Semenjak David masuk dalam jajaran direksi, tentu saja kekuasaan perusahaan kini mulai membentuk dua kubu. Meski sebenarnya Alan juga termasuk salah satu kompetitor lain, namun karena statusnya, tentu saat ini posisinya yang paling lemah diantara kakak dan kakak sepupunya.
Sesuai keputusan yang telah disepakati, Alan diberikan posisi yang tidak terlalu mencolok, bahkan dia tidak diberi perlakuan khusus selayaknya David dan Robi. Meski begitu, Robi sudah merasa cukup karena kini bisa bekerja di perusahaan milik keluarganya.
Bekerja di perusahaan Wijaya sebenarnya hanya untuk mendapatkan dan menunjukkan keberadaannya sebagai anak kedua dari almarhum pemimpin sebelumnya, karena selama ini keberadaannya seolah disamarkan oleh Mayang.
Diluar itu, Alan memiliki usaha lain yang dia bangun bersama rekannya dan kini mulai berkembang secara perlahan. Tidak ada seorang pun yang tahu soal itu, karena dia mengumpulkan modal seorang diri sisa dari jatah bulanannya selama ini.

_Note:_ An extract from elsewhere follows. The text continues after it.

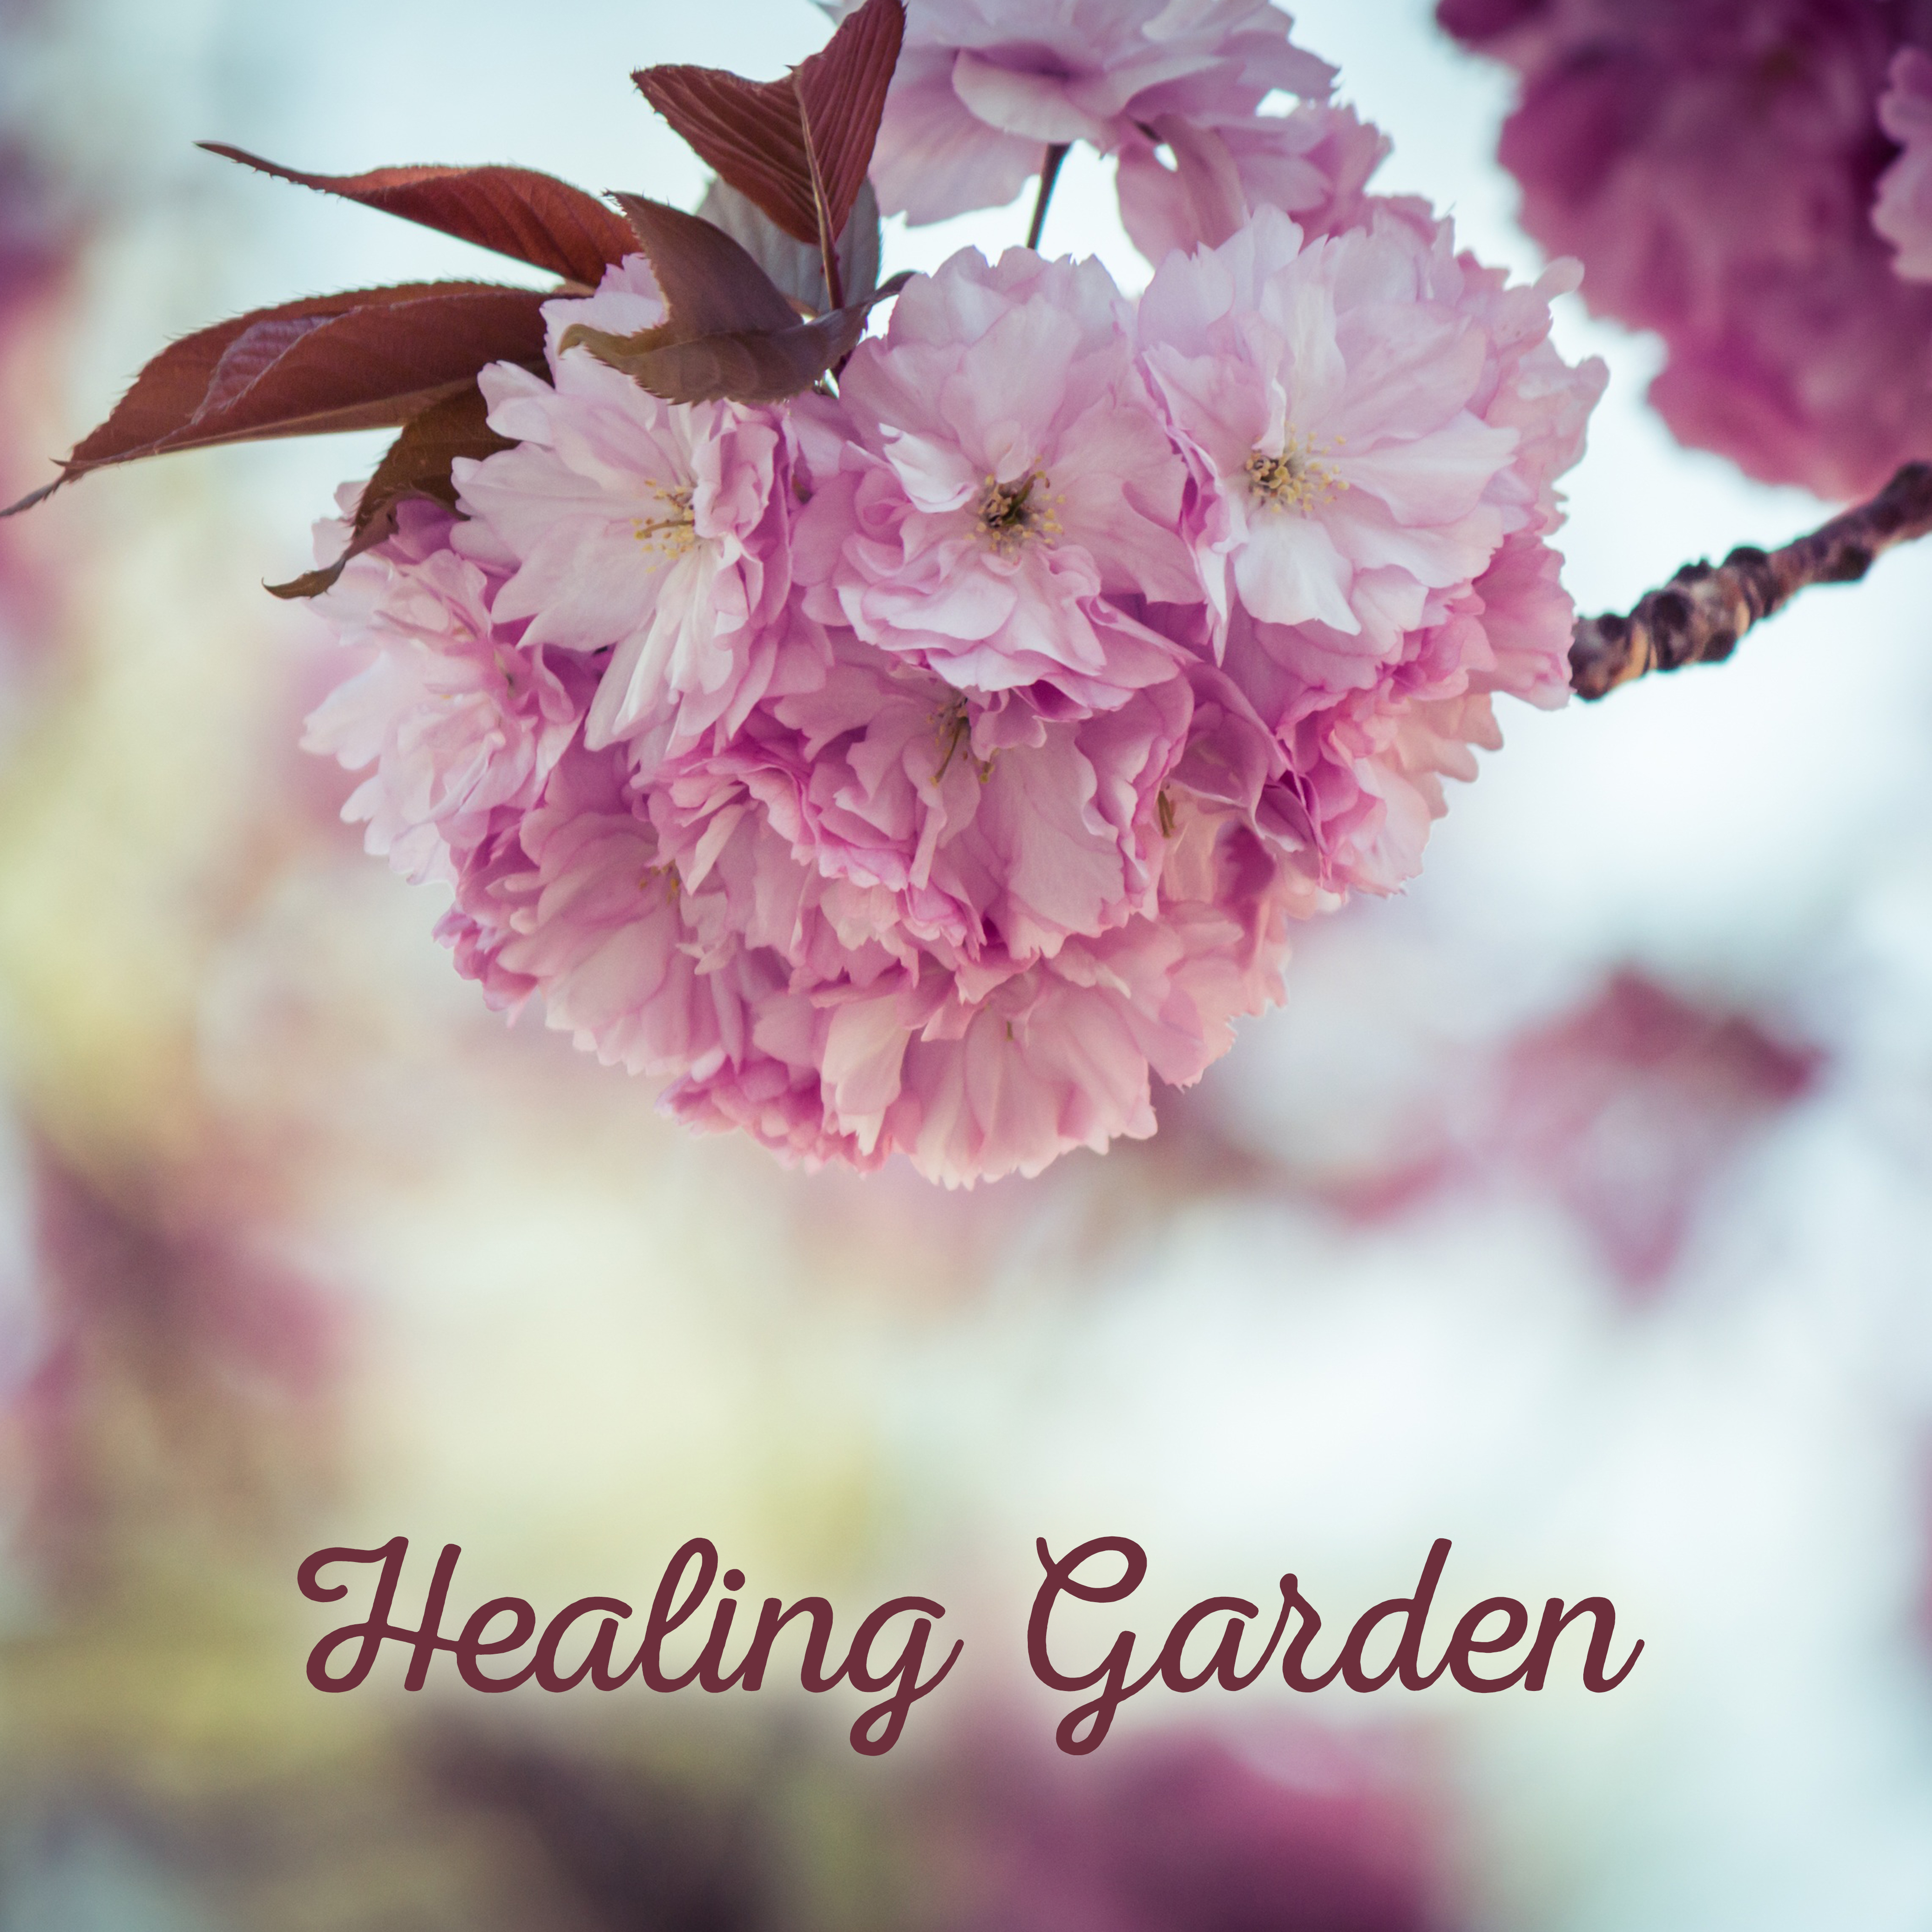 Healing Garden  Calming Relaxation Music for Massage, Rest, Peaceful New Age Sounds, Full of Nature, Falling Water, Birds Songs

Sebenarnya, meski saat ini kendali masih berada di bawah kendali Mayang, tapi pemimpin sebenarnya adalah Yustina yang kini mengendalikan semuanya dari jarak jauh.
Perusahaan ini bagai tempat perang yang tenang, namun sebenarnya mereka tengah saling menyerang satu sama lain dengan perlahan.
"Bagaimana pekerjaan kamu, Lan?"
"Lancar, Kak. Tapi, terkadang selalu pergesekan dengan divisi lain."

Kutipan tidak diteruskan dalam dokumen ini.